Inhibition of ACh-induced relaxation by reduced [Ca2+]o as a function of the duration of exposure to reduced [Ca2+]o. Preparations in normal Ca2+ or reduced [Ca2+]o (0.02 mmol/L) solutions were precontracted with PGF2α before adding ACh; contractions were 1825±233 mg (normal Ca2+) , 1284±386 mg (30 min), 1250±439 mg (60 min), and 1384±347 mg (120 min). Relaxant responses to ACh were expressed as a % of the papaverine plus nitroprusside-induced relaxation attained at the end of each experiment; relaxations were 2067±256 mg (control), 1368±400 mg (30 min), 1343±483 mg (60 min), and 1434±348 mg (120 min). bP<0.05, cP<0.01 vs control.
Effects of reduced [Ca2+]o on relaxant responses to ACh in preparations precontracted with PGF2α. Contractions were 1541±128 mg (normal Ca2+) , 1211±365 mg (1/4), 978±180 mg (1/10), 1341±361 mg (3/100), and 1249±178 mg (1/100). Papaverine plus nitroprusside-induced relaxation at the end of each experiment was taken as 100%; 1825±154 mg (normal Ca2+), 1400±356 mg (1/4), 1208±232 mg (1/10), 1582±347 mg (3/100), and 1331±188 mg (1/100).
When the level of precontraction was raised or lowered by increasing or decreasing the concentration of PGF2α rather than reducing [Ca2+]o, ACh-induced relaxation, expressed as a percent of the maximal papaverine plus nitroprusside-induced relaxation, did not differ (Figure 3). Also, if the level of tension in reduced [Ca2+]o was increased to approximate the same level as precontraction levels in normal Ca2+ by increasing the concentration of PGF2α accordingly, ACh-induced relaxatlon was still similarly depressed by reducing [Ca2+]o (data not shown).
Effects of varying the initial level of tone by altering the concentration of PGF2α on ACh-induced relaxations in a normal Ca2+ solution. Preparations were precontracted with 10−7 mol/L (I), 7×10−7 mol/L (II) or 10−5 mol/L (III) PGF2α; relative contractions shown at right in which contraction to concentration II was taken as 100%: 563±149 mg (I), 1792±194 mg (II), and 2258±155 mg (III).

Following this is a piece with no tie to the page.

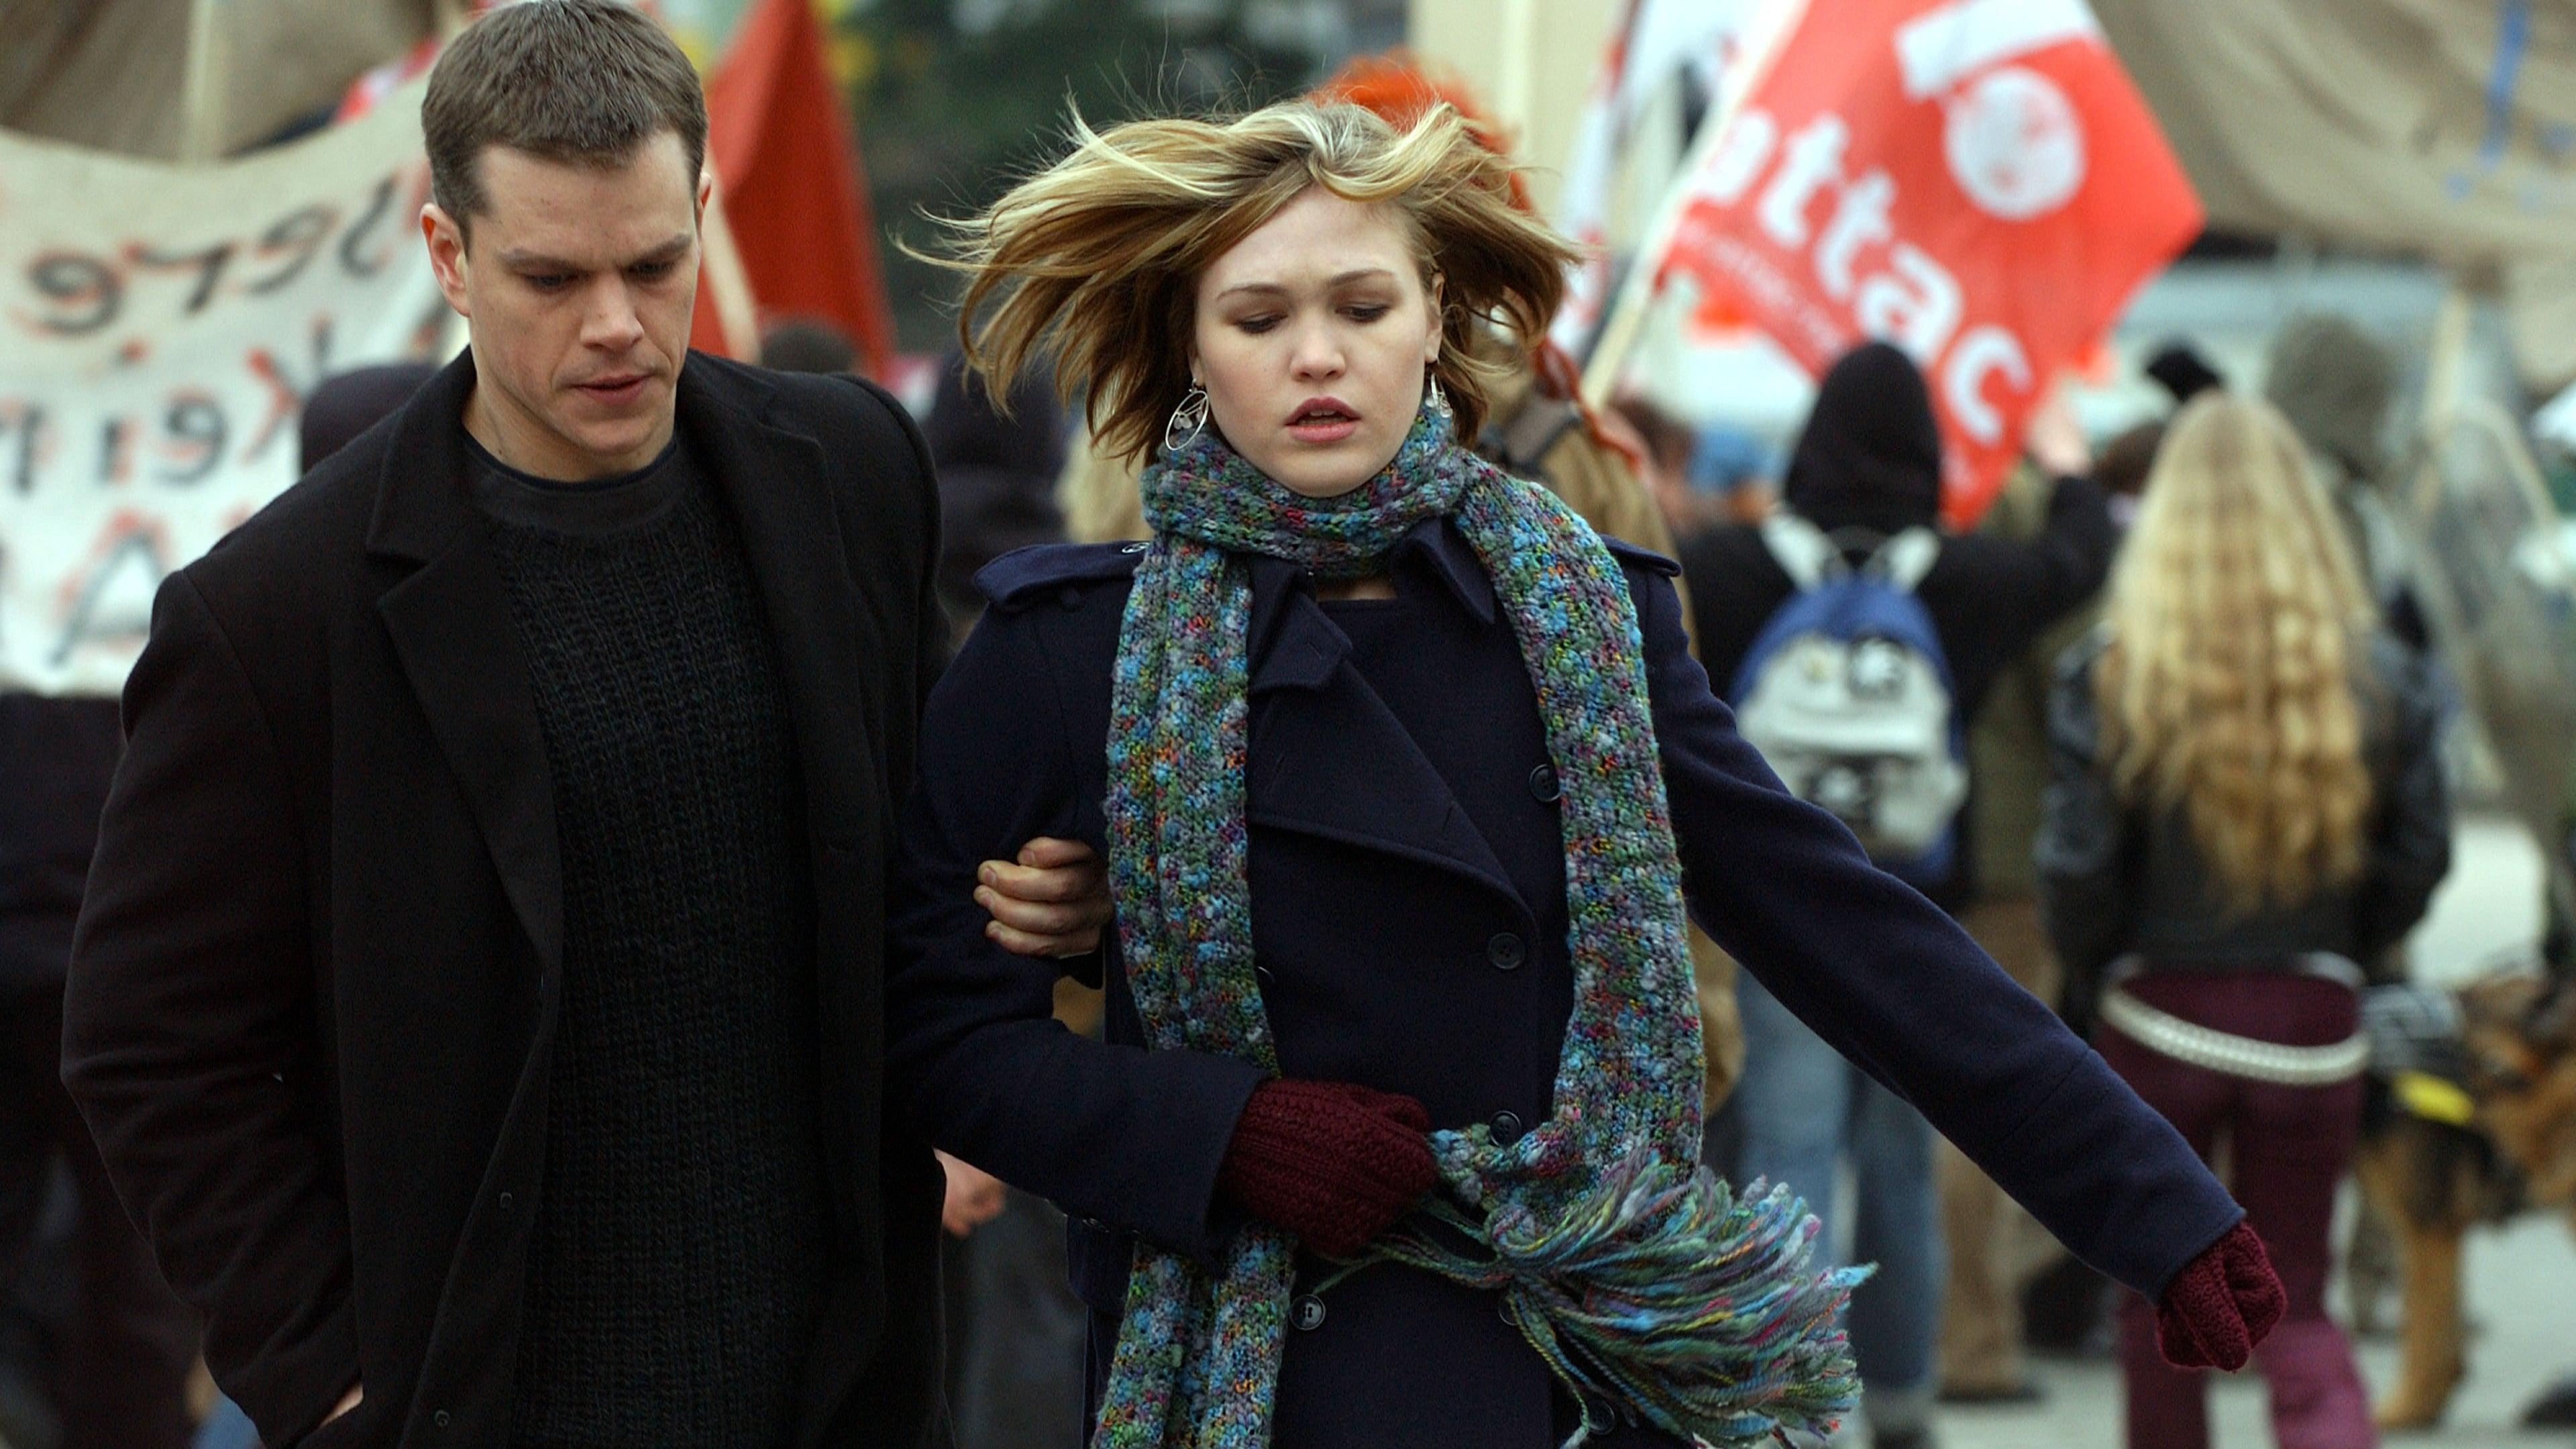 Watch The Bourne Supremacy 2004 Movie

When precontraction was induced by histamine (1×10−6– 3×10−6 mol/L) instead of PGF2α, reducing [Ca2+]o to 0.02 mmol/L also attenuated the maximum ACh-induced relaxation; 72%±4% of papaverine plus nitroprusside-induced relaxation in normal Ca2+ and 8%±8% in reduced [Ca2+]o (n=4).
Effects of reduced [Ca2+]o on nitroprusside-induced relaxations
Reducing the [Ca2+]o also attenuated relaxant responses to nitroprusside (Figure 4), which is not affected by endothelial damage (Figure 5, left). However, the attenuation was not apparent until [Ca2+]o was reduced to 0.06 mmol/L. Even in aortae without intact endothelium, reducing [Ca2+]o to 0.02 mmol/L depressed the nitroprusside-induced relaxation (Figure 5, right). Attenuation of the nitroprusside-induced relaxation by reducing [Ca2+]o to 0.02 mmol/L was also observed in aortae precontracted with histamine (1×10−6–3×10−6 mol/L); maximum response to nitroprusside was 95%±1% in normal Ca2+ and 4%±1% in reduced [Ca2+]o.
Effects of reduced [Ca2+]o on relaxant responses to nitroprusside in PGF2α-precontracted aortae. Precontractions were 1784±172 mg (normal Ca2+), 1842±392 mg (1/4), 1048±300 mg (1/10), 664±179 mg (3/100), and 1157±207 mg (1/100). Papaverine-induced relaxations at the end of each experiment were taken as 100%: 1979±198 mg (normal Ca2+), 2108±446 mg (1/4), 1214±318 mg (1/10), 794±175 mg (3/100), and 1271±243 mg (1/100).
Relaxant responses to nitroprusside in aortae with and without intact endothelium (left), and the effect of reducing [Ca2+]o to 0.02 mmol/L on relaxations in aortae without endothelium (right). Precontractions were 1547±285 mg and 2213±335 mg in aortae with (+) and without (−) endothelium (Endo), respectively, and 1833±223 mg (normal Ca2+) and 1230±317 mg (1/100 without endothelium) (right). Papaverine-induced relaxations after nitroprusside were taken as 100%: 1737±292 mg (Endo+), 2477±369 mg (Endo−), and 2104±241 mg (normal Ca2+), and 1332±331 mg (1/100) without endothelium (right). bP<0.05, cP<0.01 vs control.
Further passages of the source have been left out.